RR: Cancer cells don’t usually have the same number of chromosomes that healthy cells do. Pathologists know about common translocations (chromosome swaps) and mutations in cancer genes, so they look at very specific parts of DNA. In North America, we have the Children’s Oncology Group, which puts together clinical trials for all the pediatric cancer types. This group has enabled us to deliver standardized treatments for kids in our region and pushed cure rates up to 84 per cent. But as we started doing sequencing, we learned that not all kids should be treated based only on their cancer type, but also on DNA and RNA information. We feel strongly that a broad examination could capture information that targeted looks would miss, so we hope to make whole genome and transcriptome sequencing the standard of care because having the RNA and DNA information from a child’s tumour would allow us to select medications that target specific pathways and potentially save more lives.

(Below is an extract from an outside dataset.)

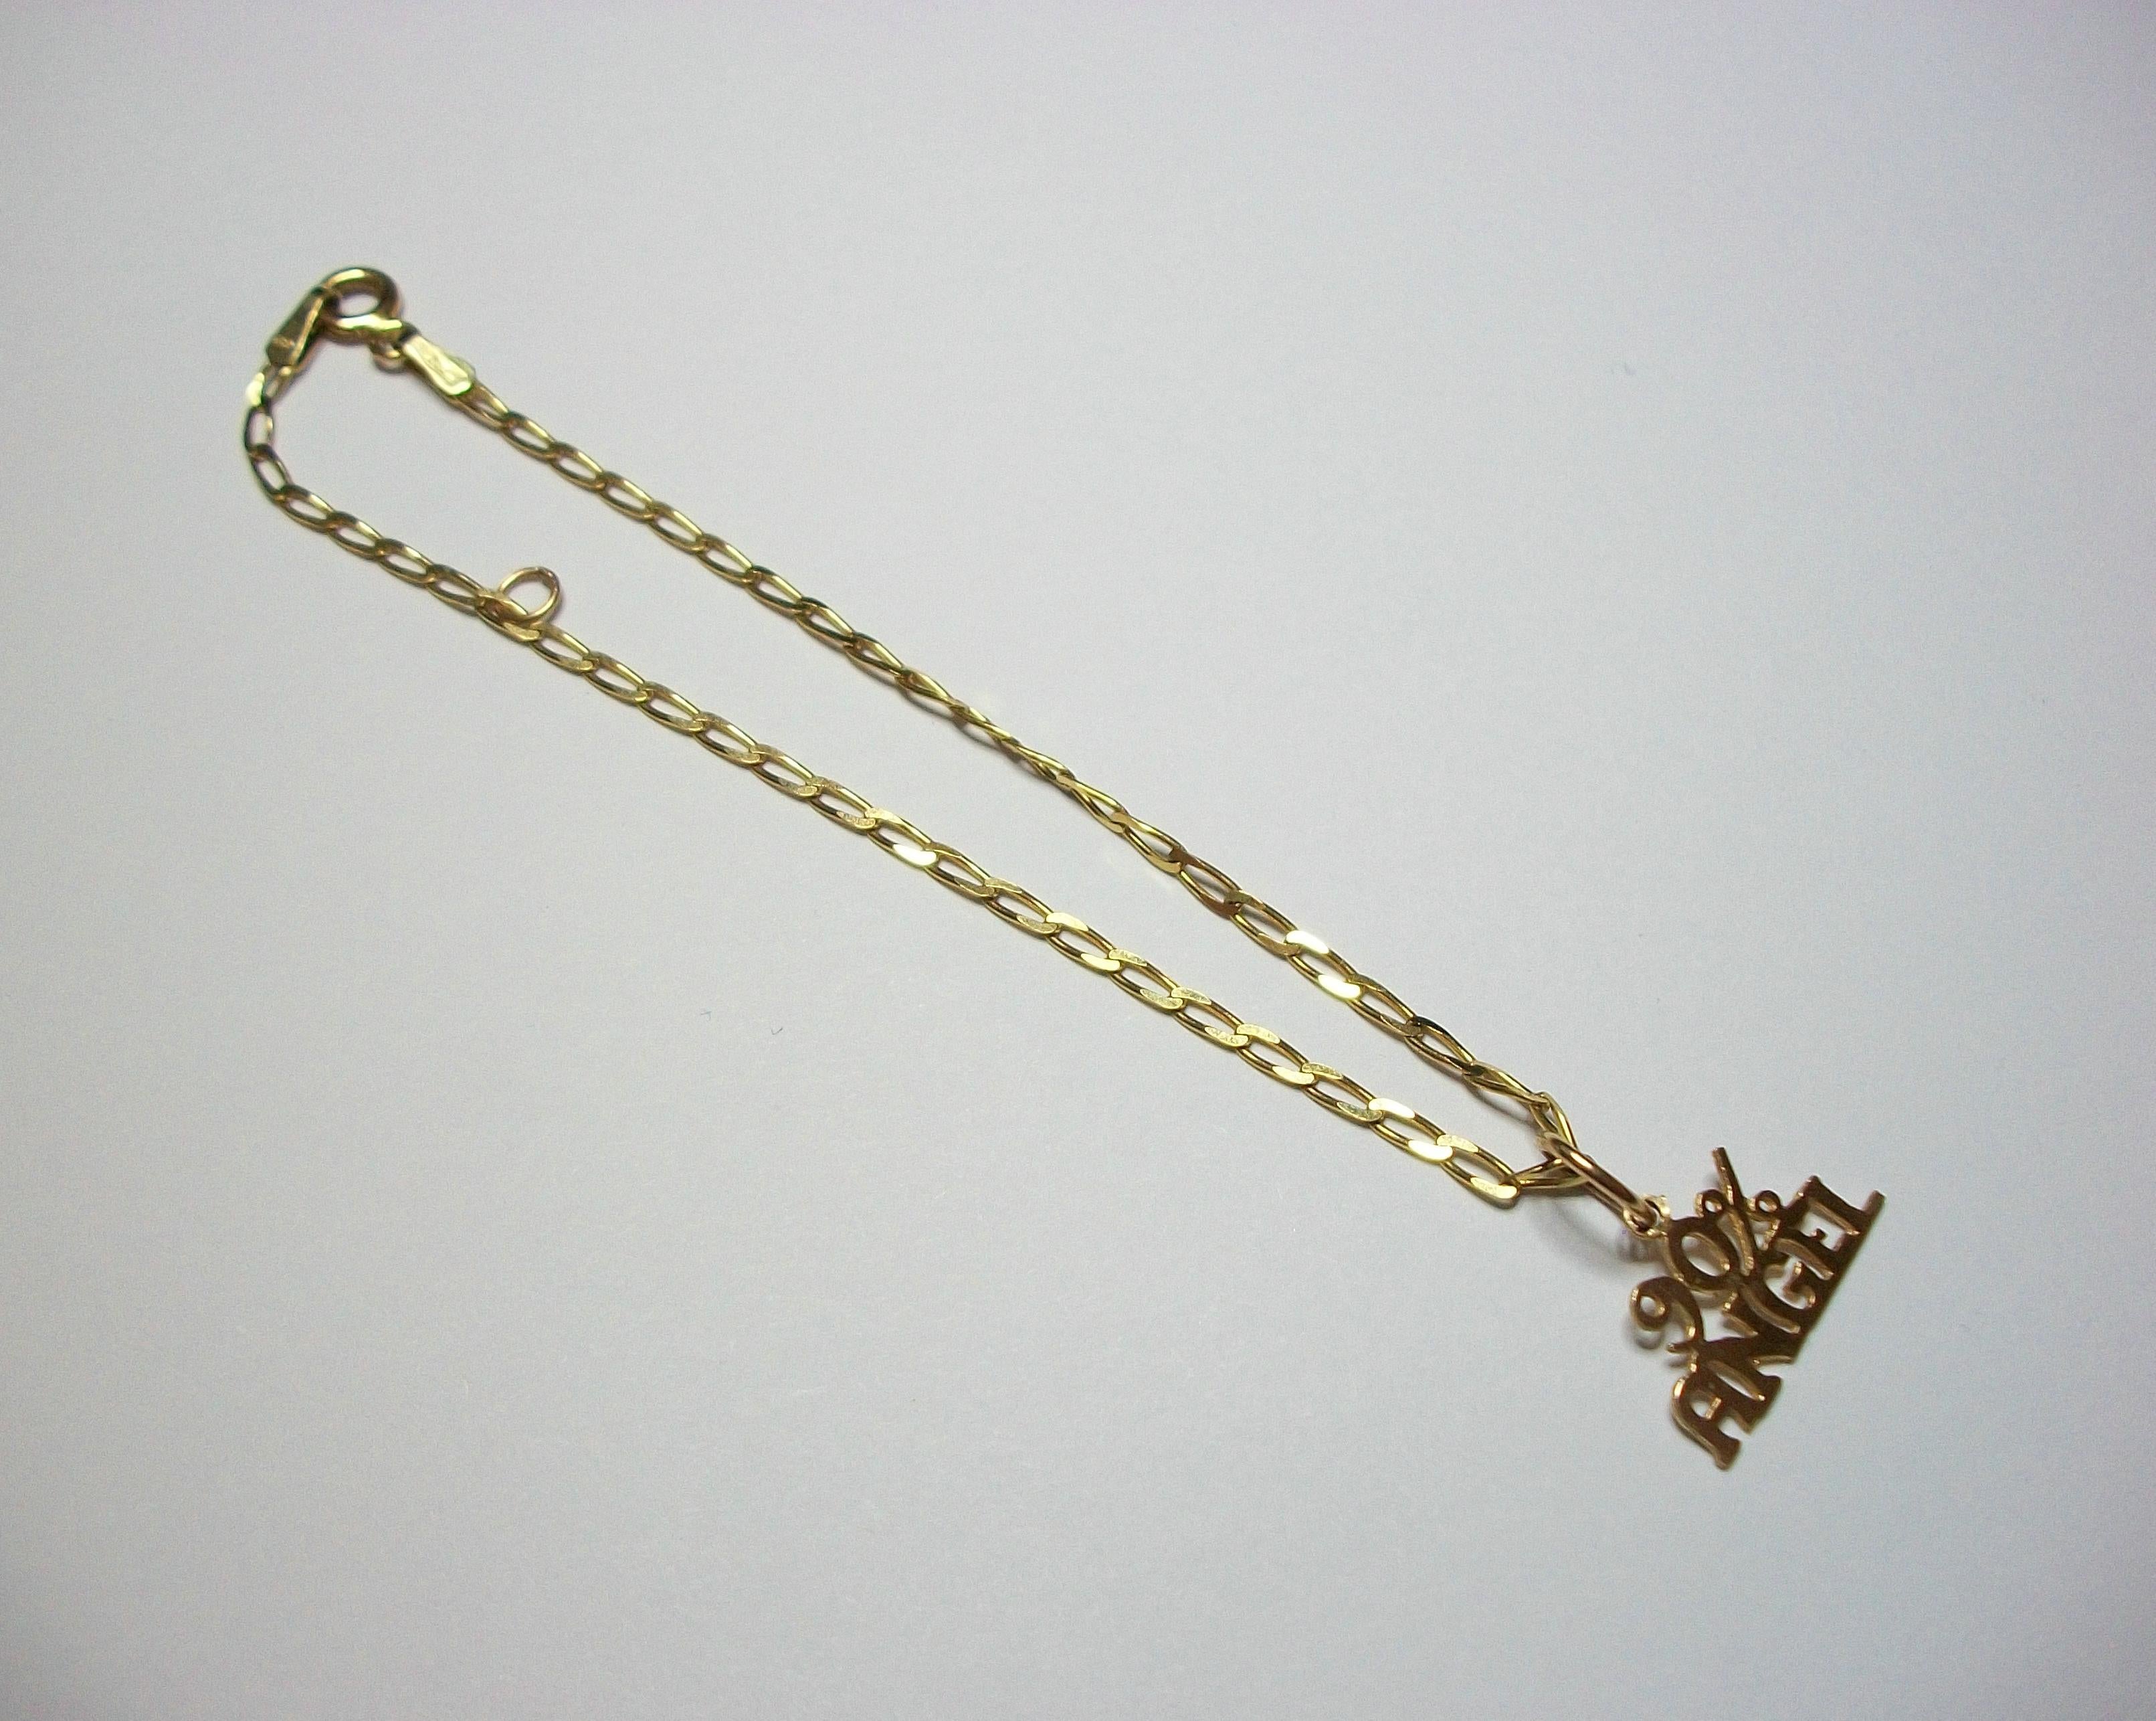 Women's Vintage 10K Gold Chain Link Bracelet - 90% Angel Charm - Signed - Italy - 20th C For Sale

What is the key to supporting access to novel therapies, moving from research to clinically approved and funded testing? What are the barriers?
RD: The key is to show that our findings can impact the outcomes. In early phases of clinical trials, there isn’t yet sufficient evidence that novel targeted therapies work but, in the past 10 years, I’ve seen novel therapies become the standard of care. Patients have seen their tumours shrink and their quality of life improve.
RR: With the health-care system being stretched, one barrier to supporting access to novel therapies is cost. Finding tumours before patients need treatment lowers costs. A second barrier is knowledge of genetics among health-care providers, particularly because of the challenges of keeping up to speed with a rapidly evolving field of knowledge, as many oncologists were trained before widespread access to sequencing. However, Dr. Deyell and I can help our colleagues in the interpretation of the molecular findings. We’ve been fortunate to be a part of POG, sit on the Molecular Tumour Board every week, and be able to discuss our cases and potential options to treat our patients. A third barrier is knowledge of how to use the data and access the drugs our patients need when some of the targeted treatments are still in the research phase.
What are the next steps?
RD: We’re advocating for the adoption of germline (healthy cell) and cancer cell testing as the standard of care for all children in BC diagnosed with cancer. It’s our job as researchers to prove its benefits, so we’ve been working with the Provincial Medical Genetics Program at BC Children’s Hospital and the Hereditary Cancer Program at BC Cancer to move forward a proposal to offer the testing to every child with cancer and those long-term survivors of childhood cancer in BC.
RR: It’s essential to define guidelines around patient and family consent and education for everyone involved, including health-care providers. We need to help families understand what we’re testing because some people may not want to know they carry a mutation. Another important piece of education is the quantification of risk and how to interpret it. Our working group is trying to determine the best way to educate the public on what a positive result may mean for them.